Kernel Fusion and Arithmetic Intensity

Updated 30 March 2026

Kernel fusion is a technique that merges multiple GPU or CPU kernels to retain intermediate results on-chip and reduce redundant off-chip memory accesses.
Arithmetic intensity, defined as the ratio of FLOPs to bytes moved, is increased through fusion strategies, shifting performance from memory-bound to compute-bound regimes.
Fusion methodologies integrate tiling, loop nest analysis, and cost modeling to achieve empirical speedups of 2× to 10× across diverse computational workloads.

Kernel fusion is a code transformation and code generation strategy that merges multiple GPU or CPU kernels into single, larger computational units, thereby reducing the volume of off-chip memory traffic and increasing the arithmetic intensity of the resulting computations. Arithmetic intensity (AI), defined as the ratio of the total number of floating-point operations (FLOPs) to the total number of bytes moved between off-chip (or upper-level) memory and the compute units, is a principal metric in roofline-based performance modeling.

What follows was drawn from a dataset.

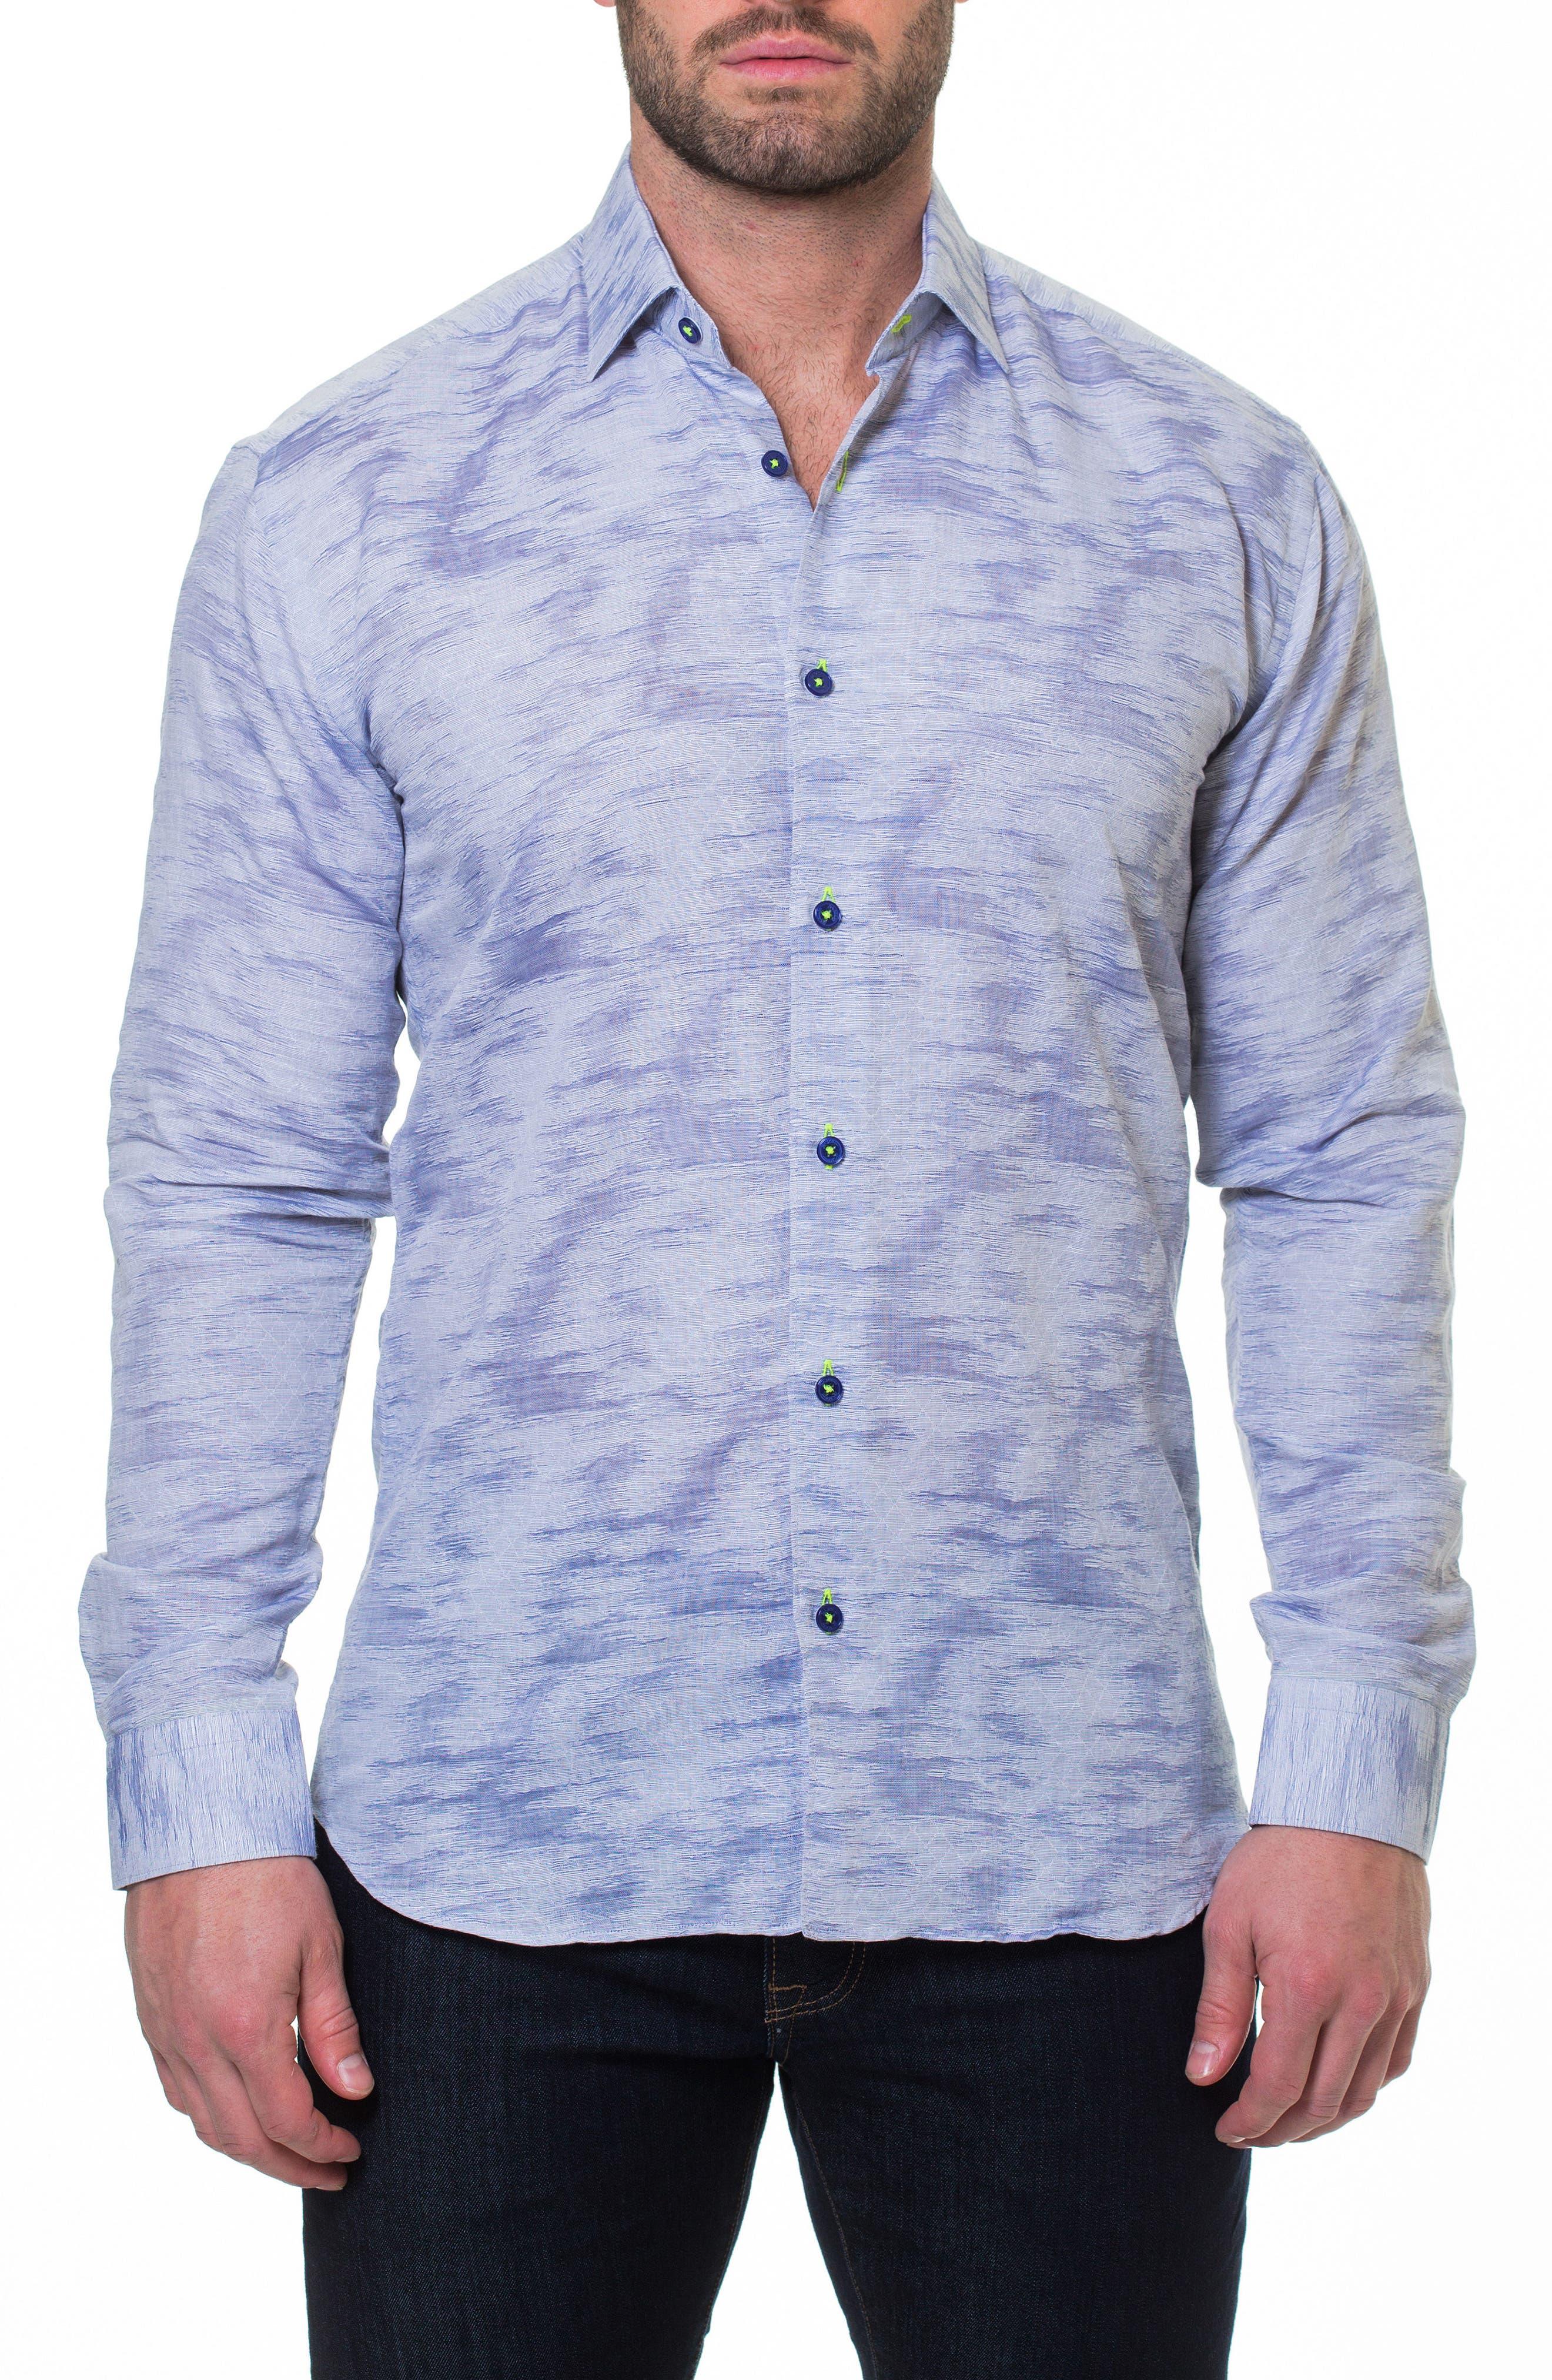 Luxor Richter Slim Fit Sport Shirt,                             Alternate thumbnail 4, color,                             030

Fusion systematically raises AI by keeping intermediate results on-chip rather than on DRAM, unlocking higher throughput, especially on modern architectures where compute throughput outpaces memory bandwidth.

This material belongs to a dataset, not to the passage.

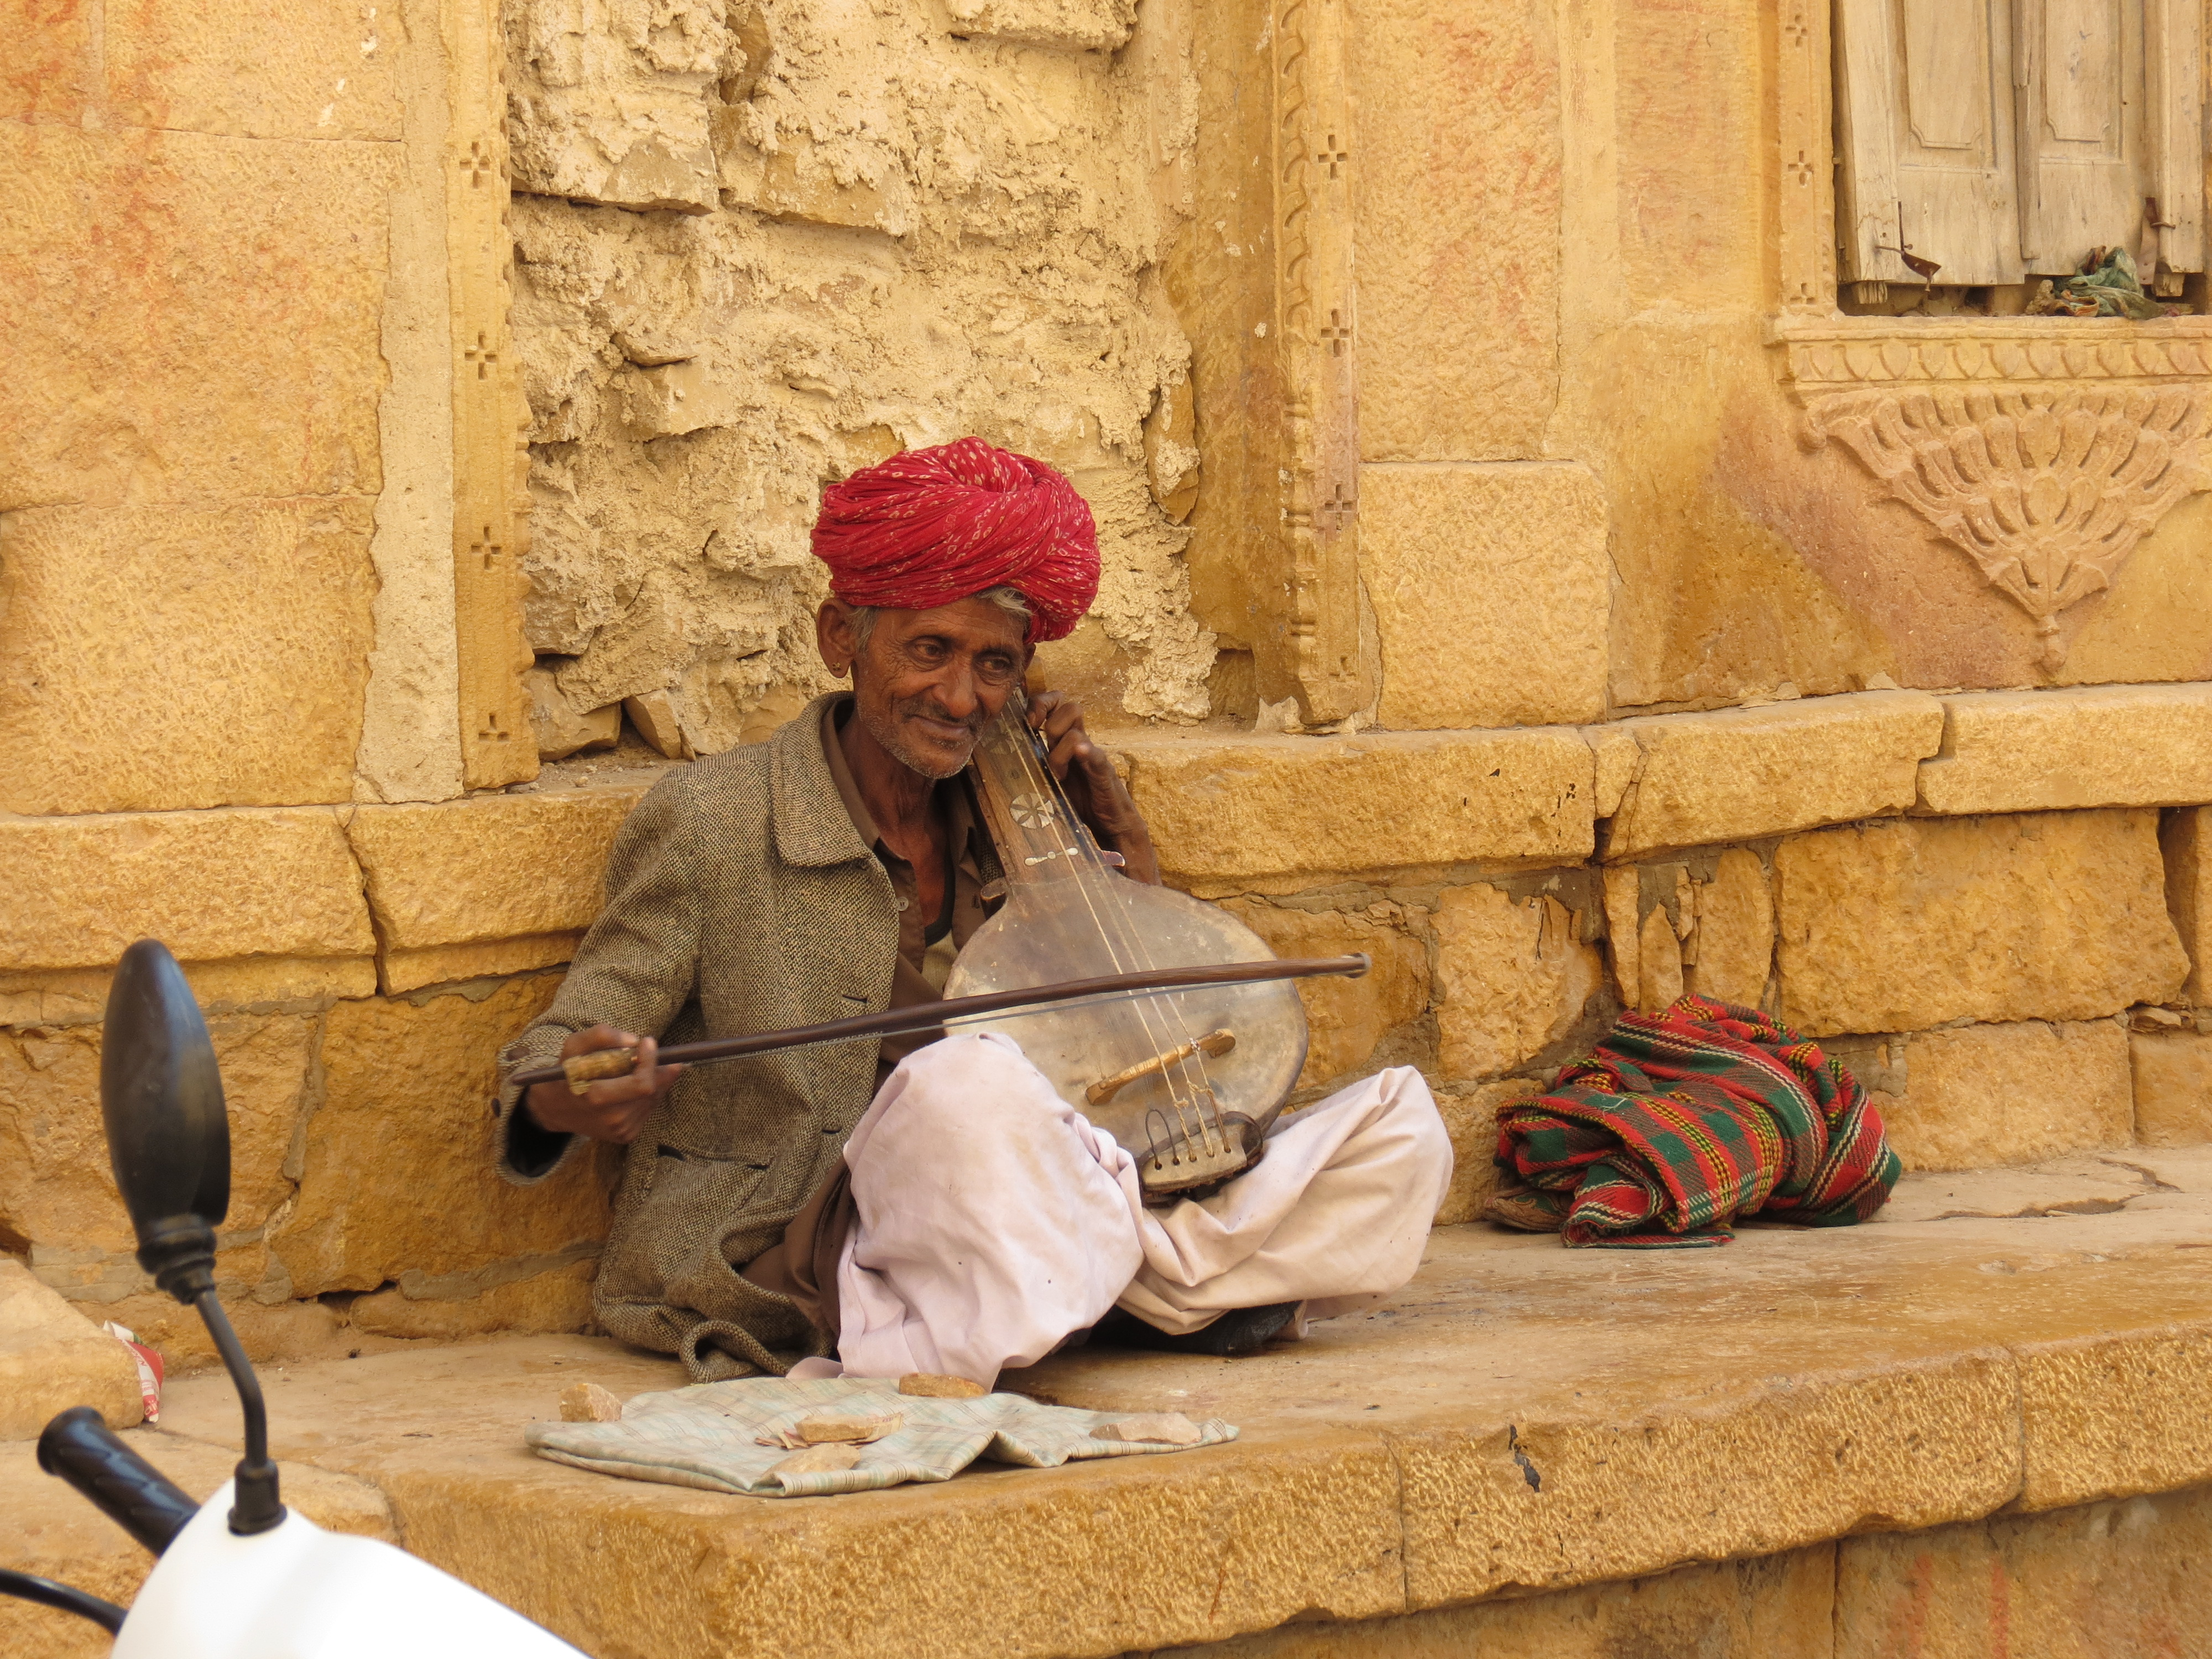 Luca Errera, Daniela Trastulli, India, Rajasthan, Jaisalmer, uomo, mendicante, musicista

1. Defining Arithmetic Intensity and Its Role in Performance

Arithmetic intensity is expressed as

$I = \frac{\text{Total FLOPs}}{\text{Total Bytes Moved}}$

In a roofline model, peak attainable performance is bottlenecked by either computational throughput (compute-bound regime) or memory bandwidth (memory-bound regime); thus, kernels with low AI are memory-bound, while high-AI kernels can potentially achieve a higher fraction of peak FLOP/s (Zhang et al., 27 Jun 2025, Long et al., 2019, Filipovič et al., 2013, Niu et al., 2021, Yadav et al., 2024). For example, in a General Matrix-Matrix Multiply (GEMM) tile,

$I = \frac{W}{B}$

where $W$ is the number of FLOPs and $B$ is the number of bytes moved between DRAM/main memory and on-chip storage (Zhang et al., 27 Jun 2025).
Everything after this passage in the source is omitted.